承認請求と名義書換請求は同時に行うことが多い
会社法では、
- 株式譲渡の承認手続
- 株式名義の変更手続
の順番で手続することが原則だと記載されていますが、同時でも構いません。実務では2つの作業は同時に進めることが一般的なので、以下でご紹介する書類サンプルも同時に進める形式にしています。
この書類を作るだけ!確実に譲渡承認を通す手続書類とそのサンプル
M&Aは親族でもない第三者同士が大金をやりとりする取引ですので、後でトラブルにならないよう必要な書類は残しておきましょう。
以下では、適法な株式譲渡承認を確実に通すために必要な書類の一覧とそのサンプルをご紹介します。「誰が承認するか?」によって必要書類も変わりますので、パターンに分けてご案内します。
なお、以下のサンプルどおり使用する場合、日付は全部同じ日でも問題ありません。
承認機関が「株主総会」の場合
承認機関が株主総会の場合、以下の書類を残しておきましょう。なお、サンプルは全株主が株式譲渡に書面で同意する(書面決議)というパターンで作っています。
必要書類 | 備考 | サンプルファイル |
譲渡承認請求書 兼 名義書換請求書 | ||
取締役会議事録 | 取締役会がある場合のみ使用 | |
株主への提案書/株主からの同意書 | 各株主で同意書に押印 | |
株主総会議事録 | ||
譲渡承認の通知書 | ||
株主名簿 | 名義書換後の名簿 |
株主総会は書面決議がおすすめ
株主総会の議事録には株主の押印をもらわないため、あとで「株主総会に呼ばれていない」といった異議が入ると、株式譲渡が適法ではなかったのではないかというトラブルが発生する懸念があります。

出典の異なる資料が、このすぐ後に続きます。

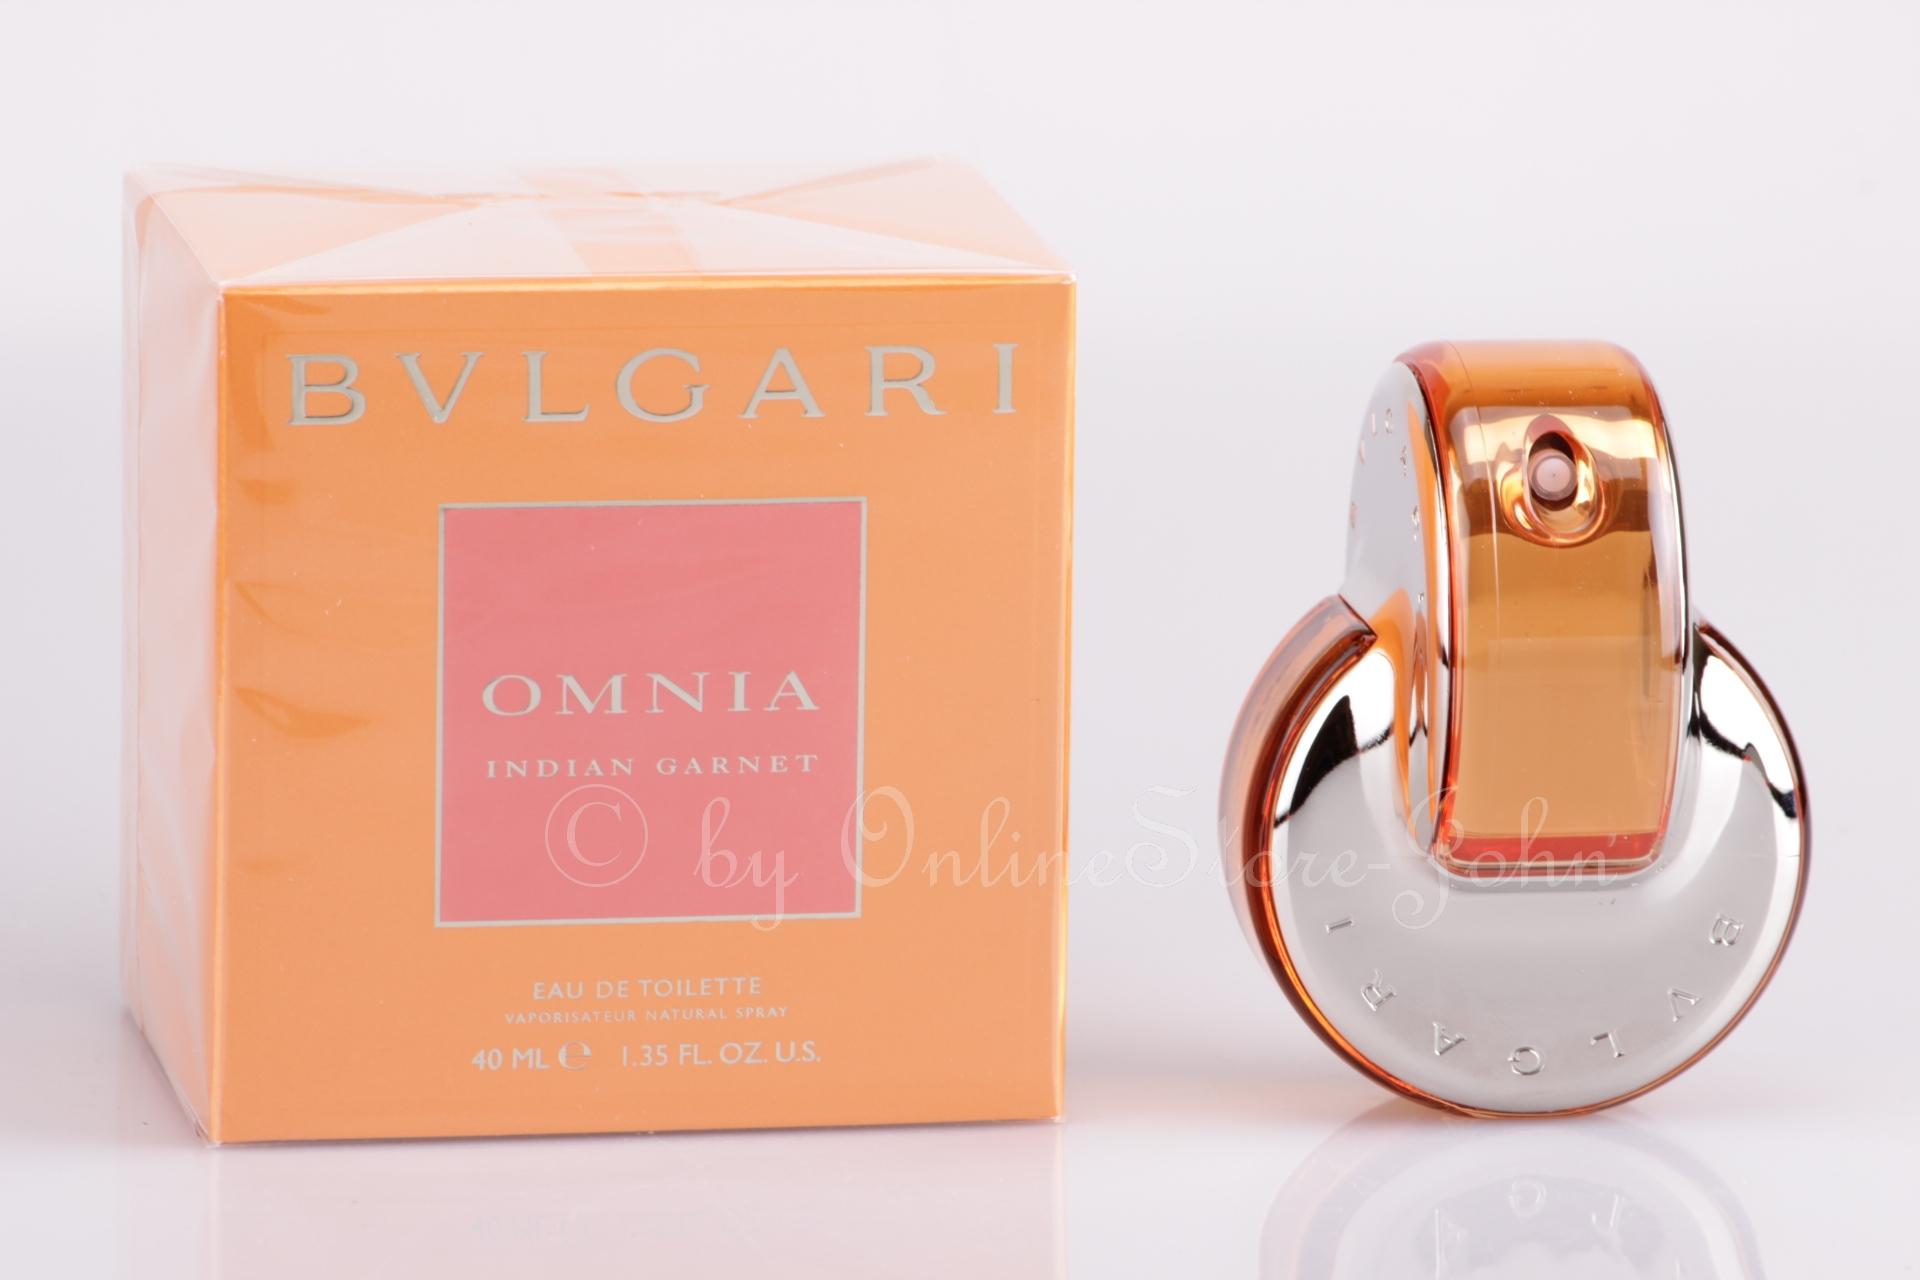 Details zu Bvlgari Omnia Indian Garnet 40ml EDT Eau de Toilette

そこで、全株主の書面による回答記録を残しておくことで、このようなトラブルを完全に回避できます。なお、回答書面は電子メールで送ってもらっても構いません。
承認機関が「取締役会」の場合
承認機関が取締役会の場合、以下の書類を残しておきましょう。
必要書類 | 備考 | サンプルファイル |
譲渡承認請求書 兼 名義書換請求書 | ||
取締役会議事録 | ||
譲渡承認の通知書 | ||
株主名簿 | 名義書換後の名簿 |
承認機関が「代表取締役」の場合
承認機関が代表取締役の場合、以下の書類を残しておきましょう。
必要書類 | 備考 | サンプルファイル |
譲渡承認請求書 兼 名義書換請求書 | ||
代表取締役の決定書 | 必須ではない | |
譲渡承認の通知書 | ||
株主名簿 | 名義書換後の名簿 |
おわりに
今回は、株式譲渡の制限について、以下の事項をなるべくわかりやすくご紹介しました。
- ほとんどのケースでは株式の譲渡制限規定は問題にならないこと
- 株式の譲渡制限規定のポイント
- 株式の譲渡を承認する手続
株式の譲渡制限はあるのが普通ですし、M&Aに悪影響を与えることは本当にレアケースですので、ご安心いただければと思います。